▸ DATASET RECORDS
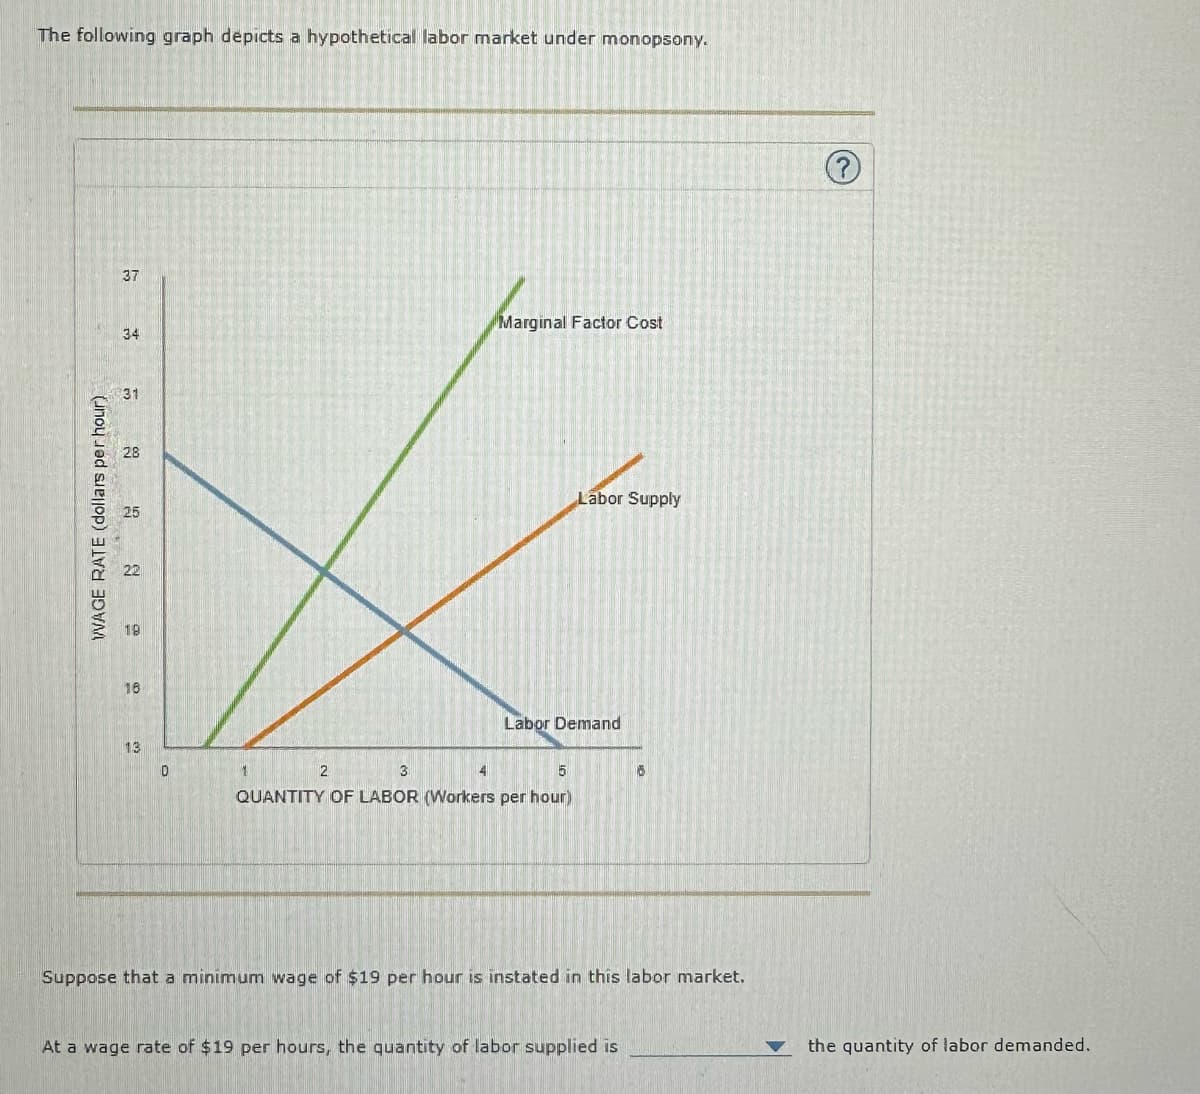 The following graph depicts a hypothetical labor market under monopsony.
WAGE RATE (dollars per hour)
37
34
Marginal Factor Cost
31
28
Labor Supply
25
22
19
16
13
0
2
3
Labor Demand
5
QUANTITY OF LABOR (Workers per hour)
Suppose that a minimum wage of $19 per hour is instated in this labor market.
At a wage rate of $19 per hours, the quantity of labor supplied is
?
the quantity of labor demanded.
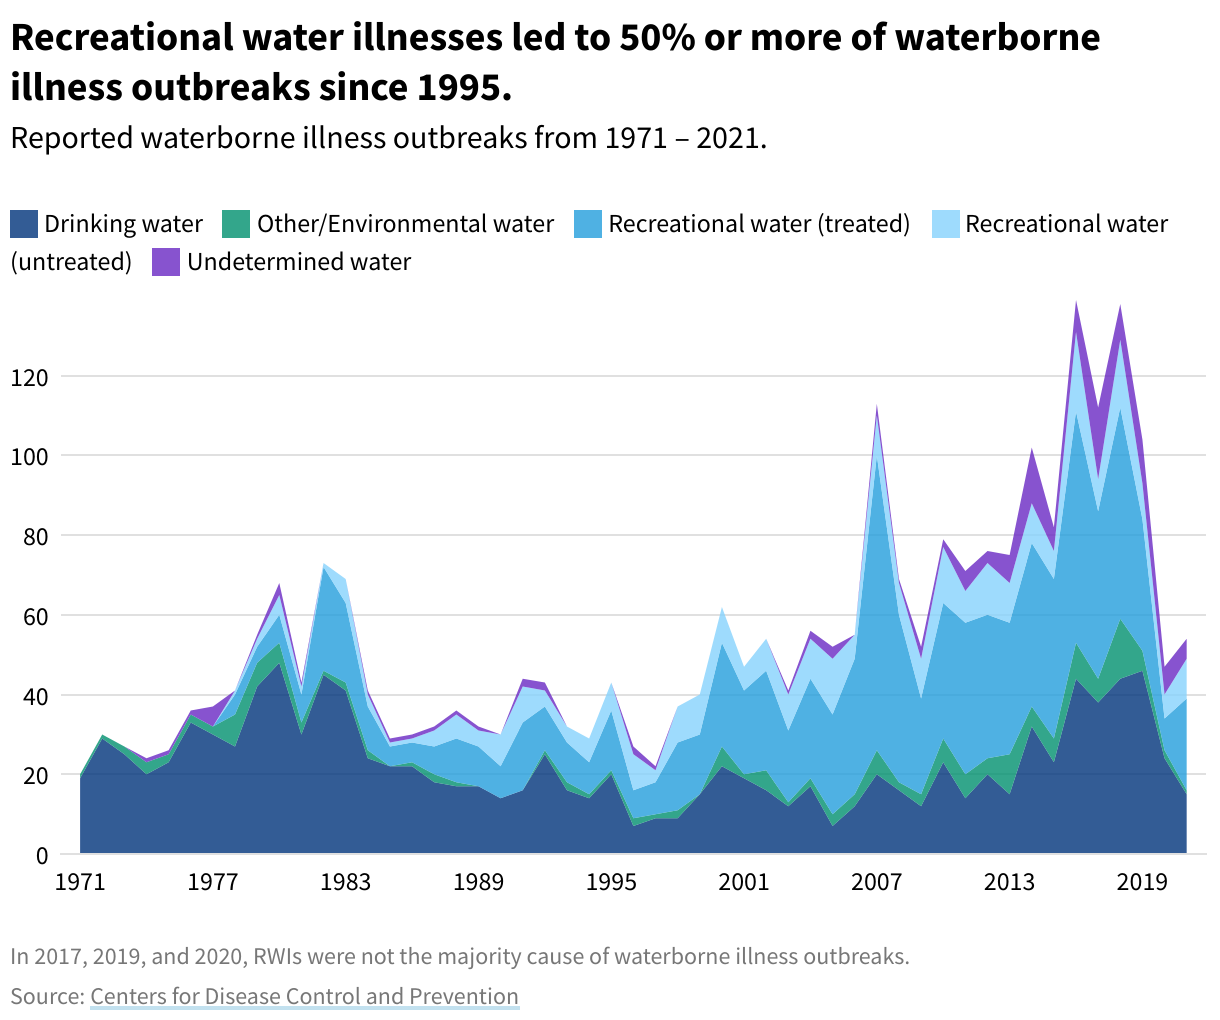 A stacked chart showing the breakdown of waterborne illnesses by drinking water, recreational water, other/environmental water, and undetermined water from 1971 to 2021.
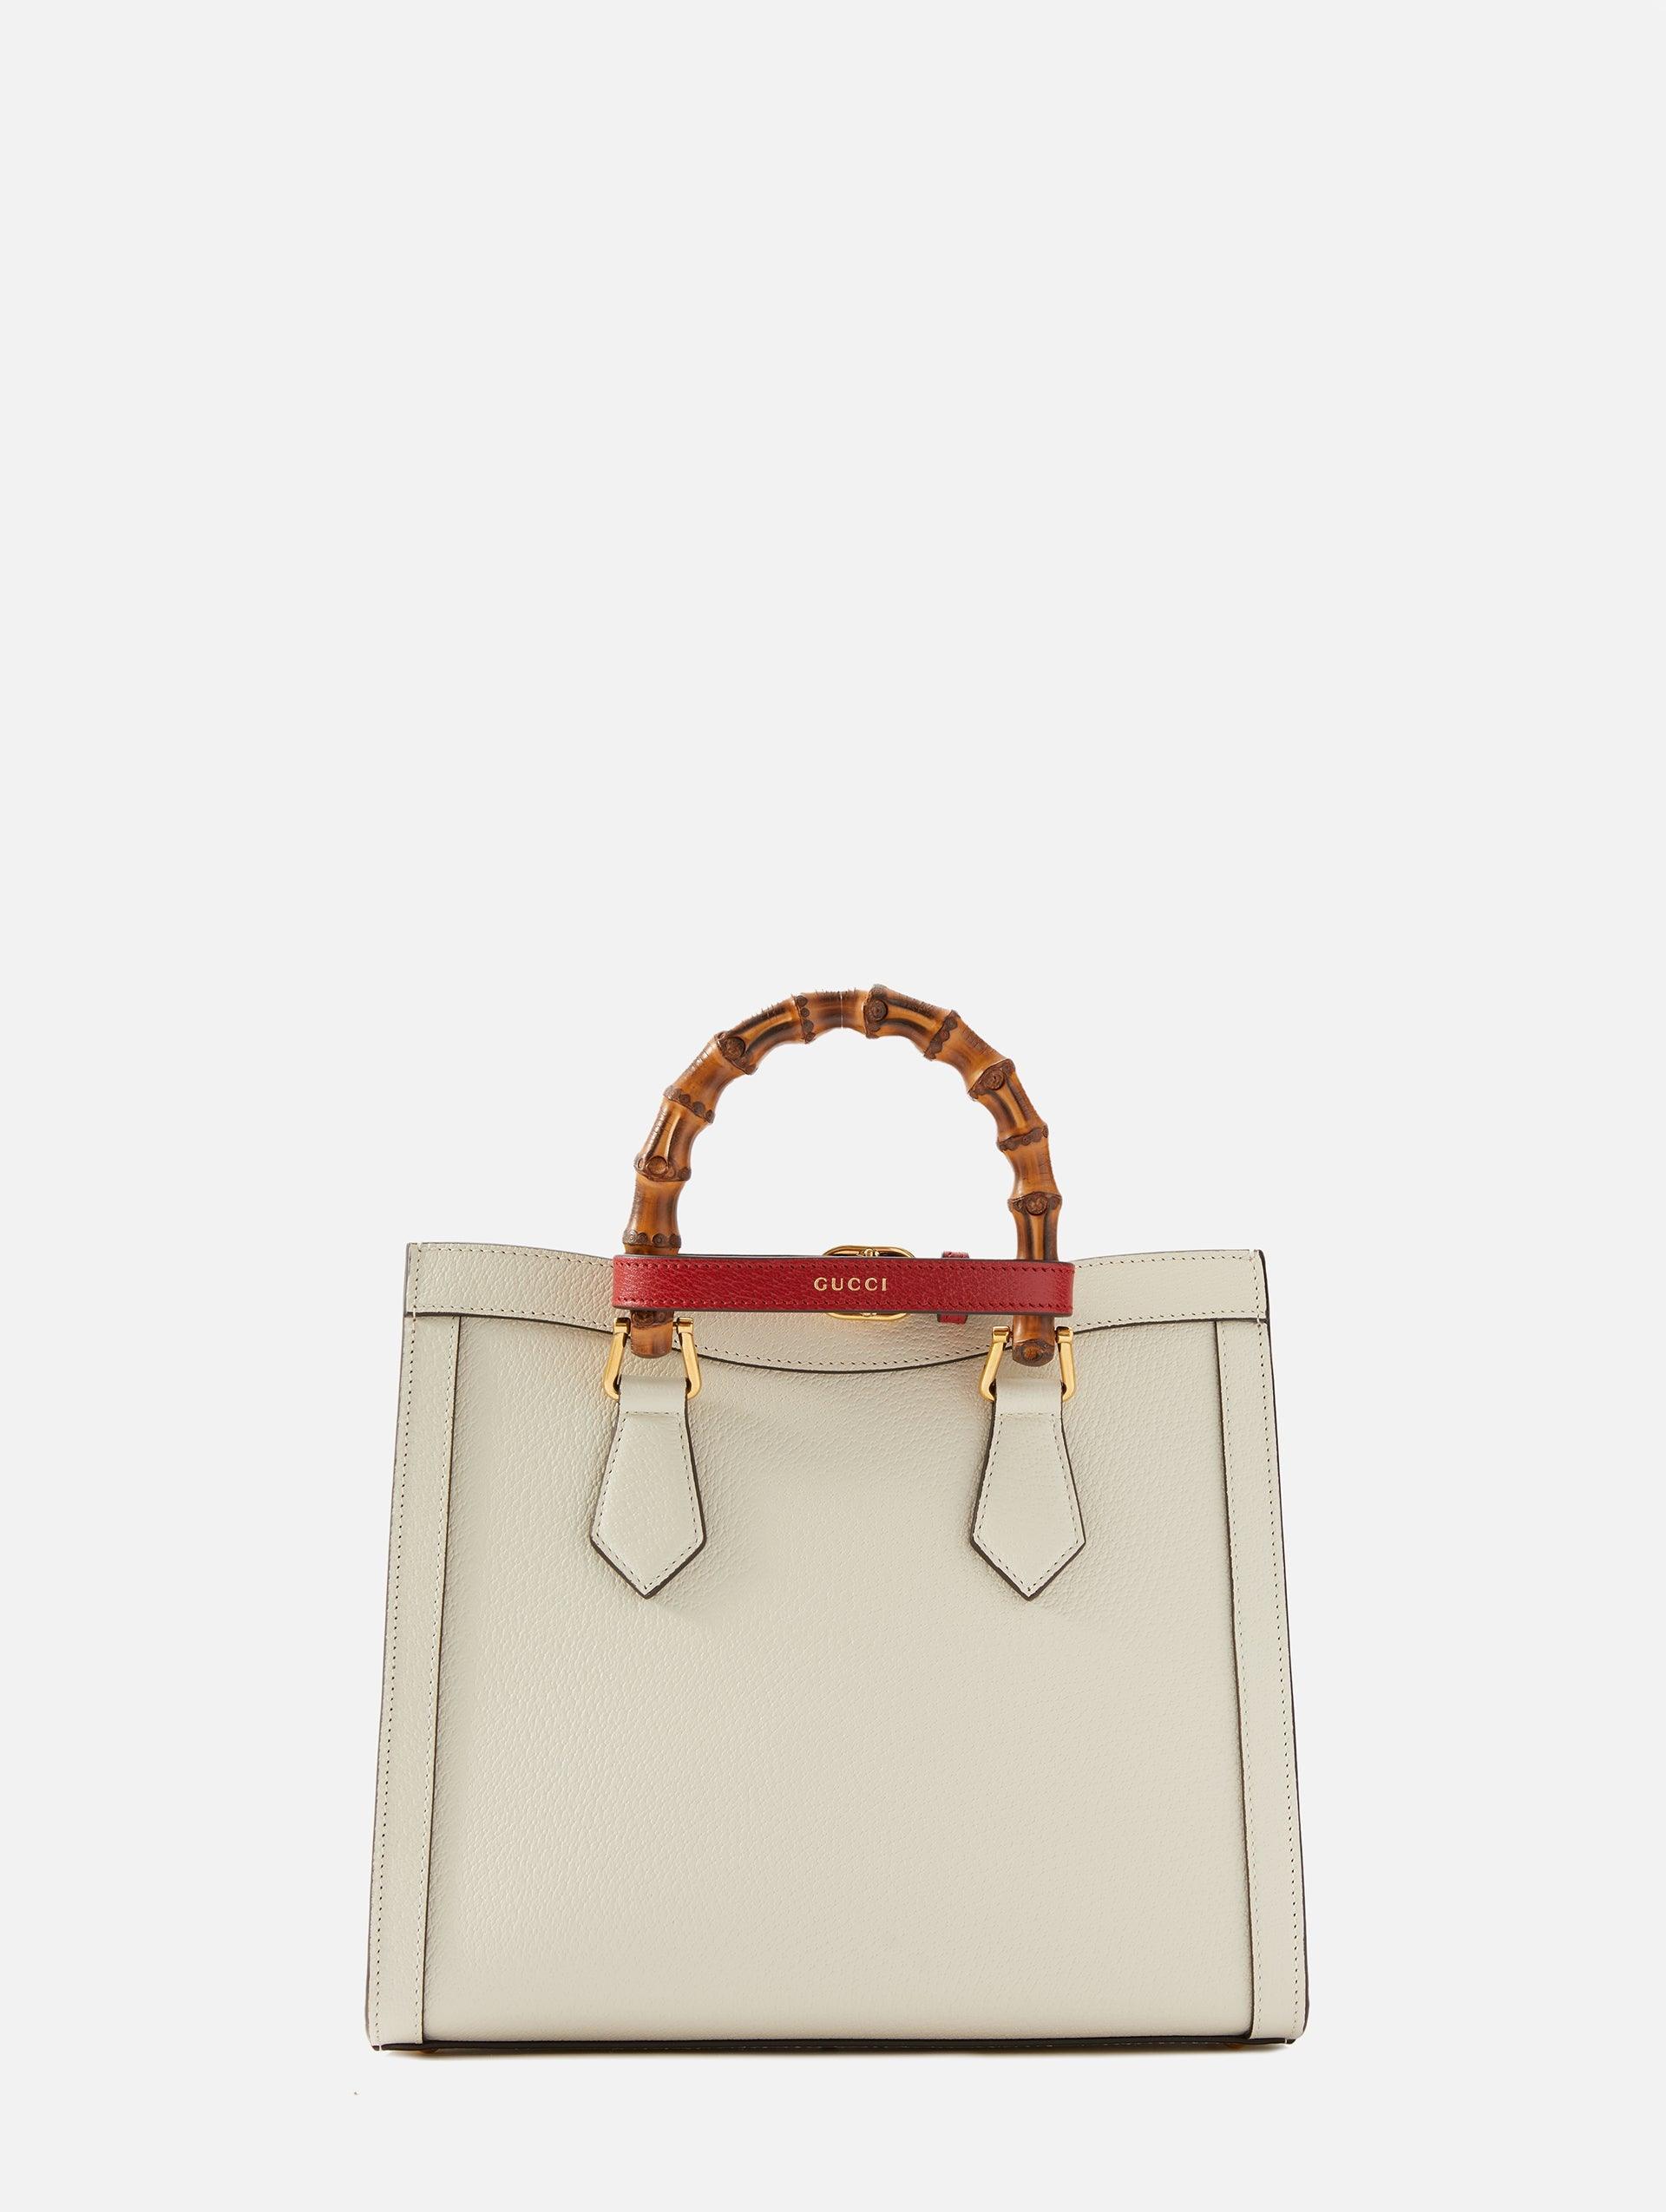 GUCCI Diana Small Tote Bag - The Iconic Issue

▸ PROBLEM STATEMENT
Since pictures are not part of the copy, set down only the remaining data exactly.

▸ EXERCISE OUTPUT
 The following graph depicts a hypothetical labor market under monopsony.
WAGE RATE (dollars per hour)
37
34
Marginal Factor Cost
31
28
Labor Supply
25
22
19
16
13
0
2
3
Labor Demand
5
QUANTITY OF LABOR (Workers per hour)
Suppose that a minimum wage of $19 per hour is instated in this labor market.
At a wage rate of $19 per hours, the quantity of labor supplied is
?
the quantity of labor demanded.
 A stacked chart showing the breakdown of waterborne illnesses by drinking water, recreational water, other/environmental water, and undetermined water from 1971 to 2021.
 GUCCI Diana Small Tote Bag - The Iconic Issue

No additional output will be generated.